Raw data section start
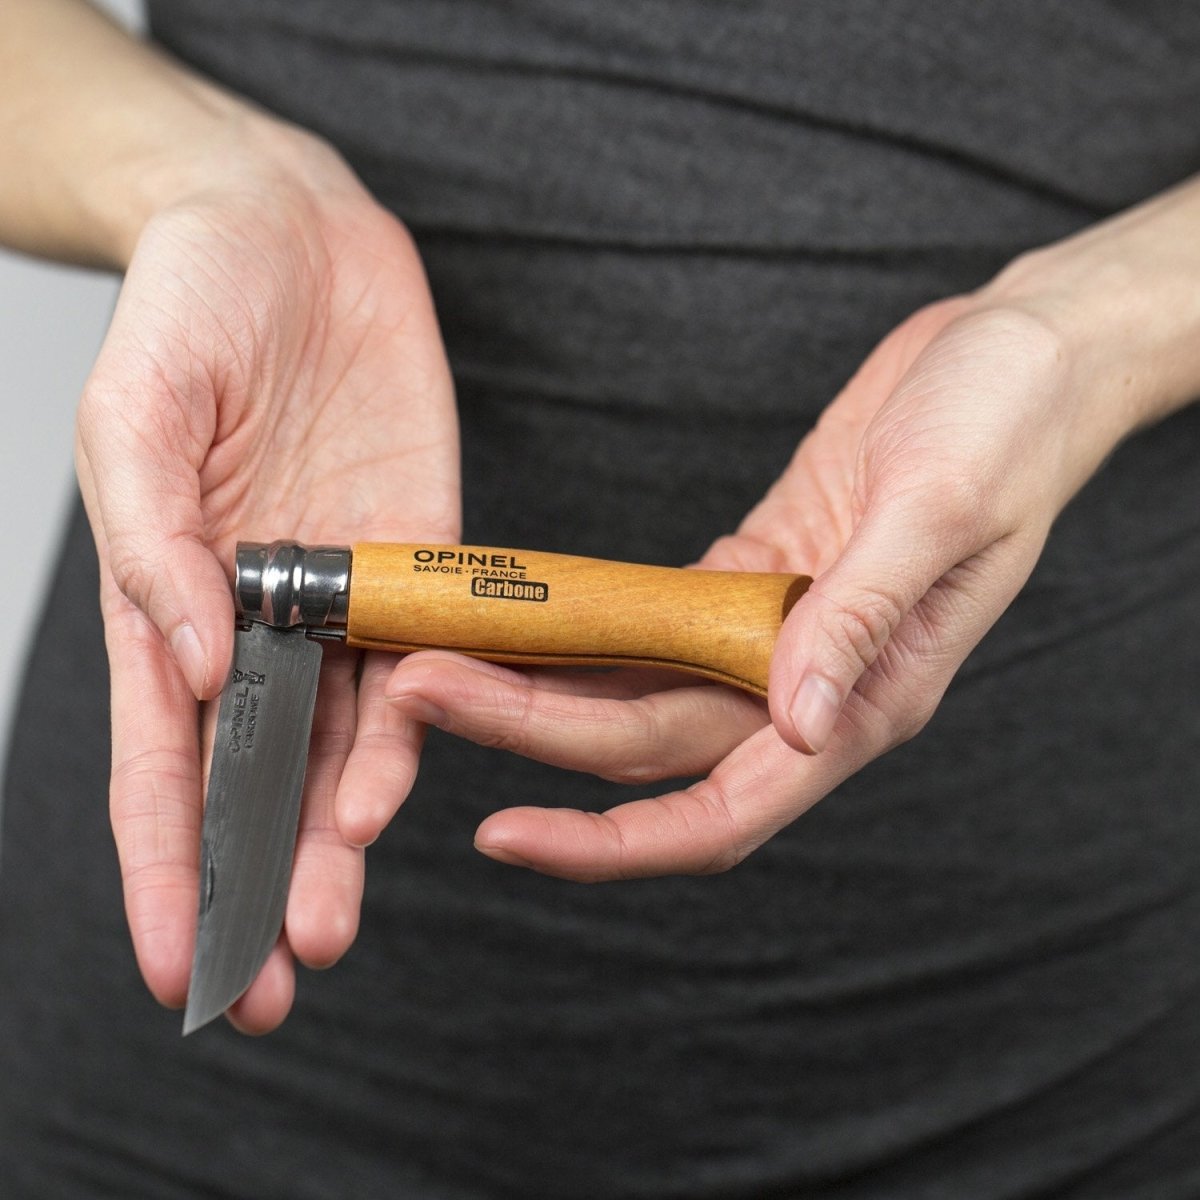 https://cdn.shopify.com/s/files/1/0060/6162/products/opinel_knife_in_hands-721919_1200x.jpg?v=1702472593
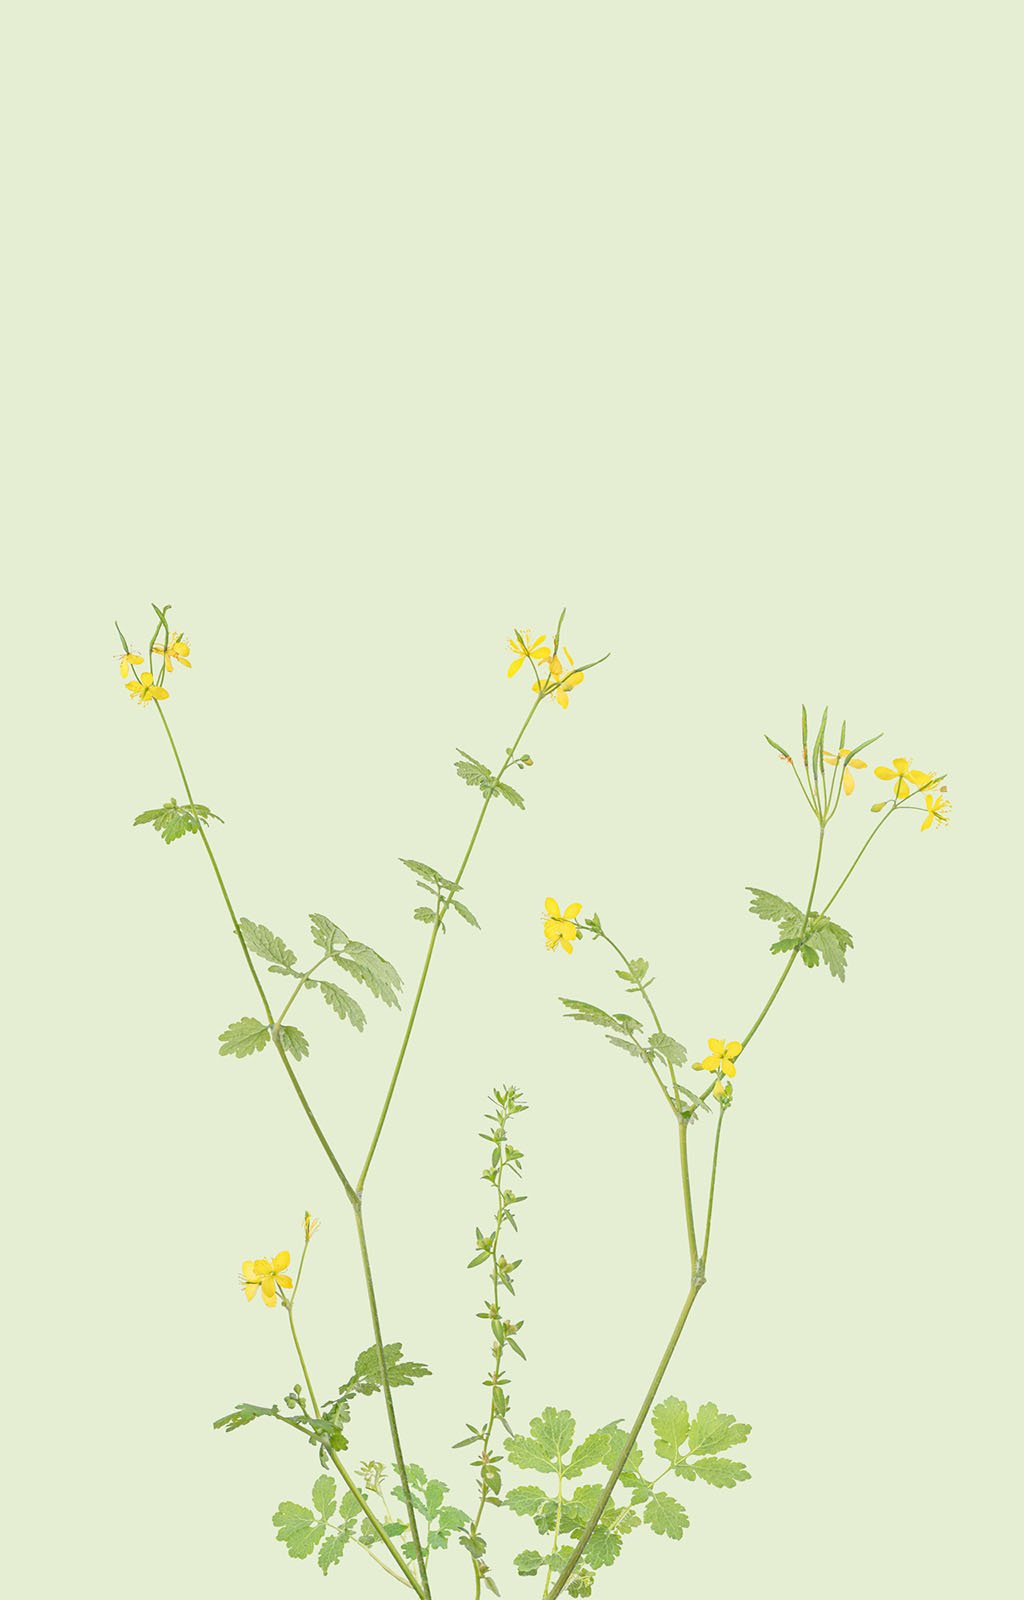 A minimalist illustration featuring delicate yellow flowers with green stems and leaves on a soft pastel green background.
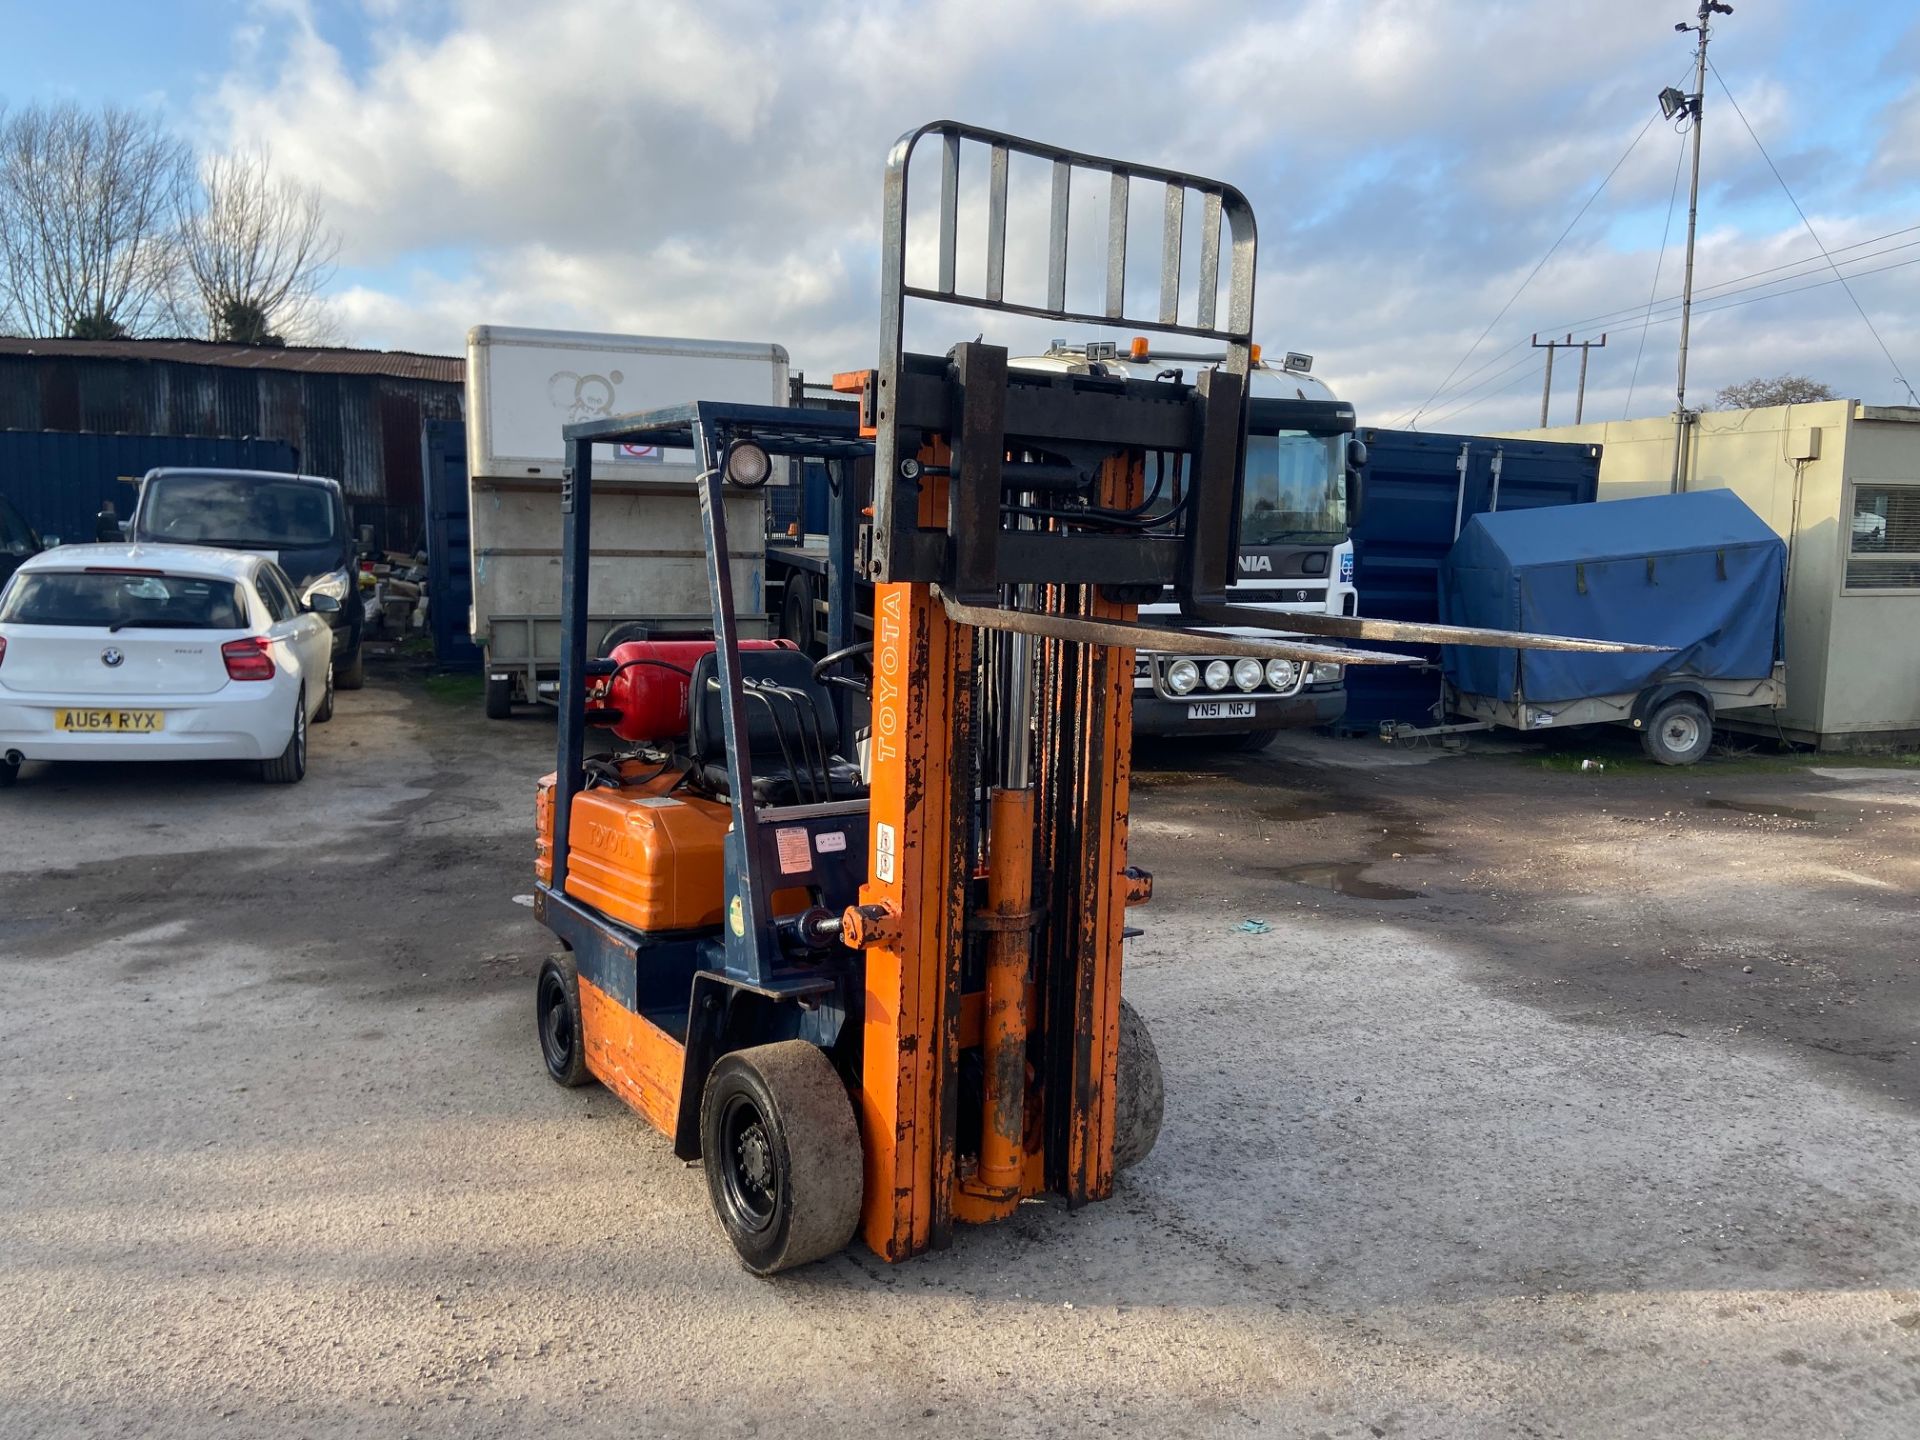 TOYOTA 1.5 TON GAS FORKLIFT, ALL OPERATIONAL, SIDE SHIFT, TIDY LITTLE TRUCK, GAS BOTTLE NOT INCLUDED - Image 5 of 5
Raw data section end
| Task description |
Faithful copy, images left out: write out every line of data.

| Exercise answer |
 https://cdn.shopify.com/s/files/1/0060/6162/products/opinel_knife_in_hands-721919_1200x.jpg?v=1702472593
 A minimalist illustration featuring delicate yellow flowers with green stems and leaves on a soft pastel green background.
 TOYOTA 1.5 TON GAS FORKLIFT, ALL OPERATIONAL, SIDE SHIFT, TIDY LITTLE TRUCK, GAS BOTTLE NOT INCLUDED - Image 5 of 5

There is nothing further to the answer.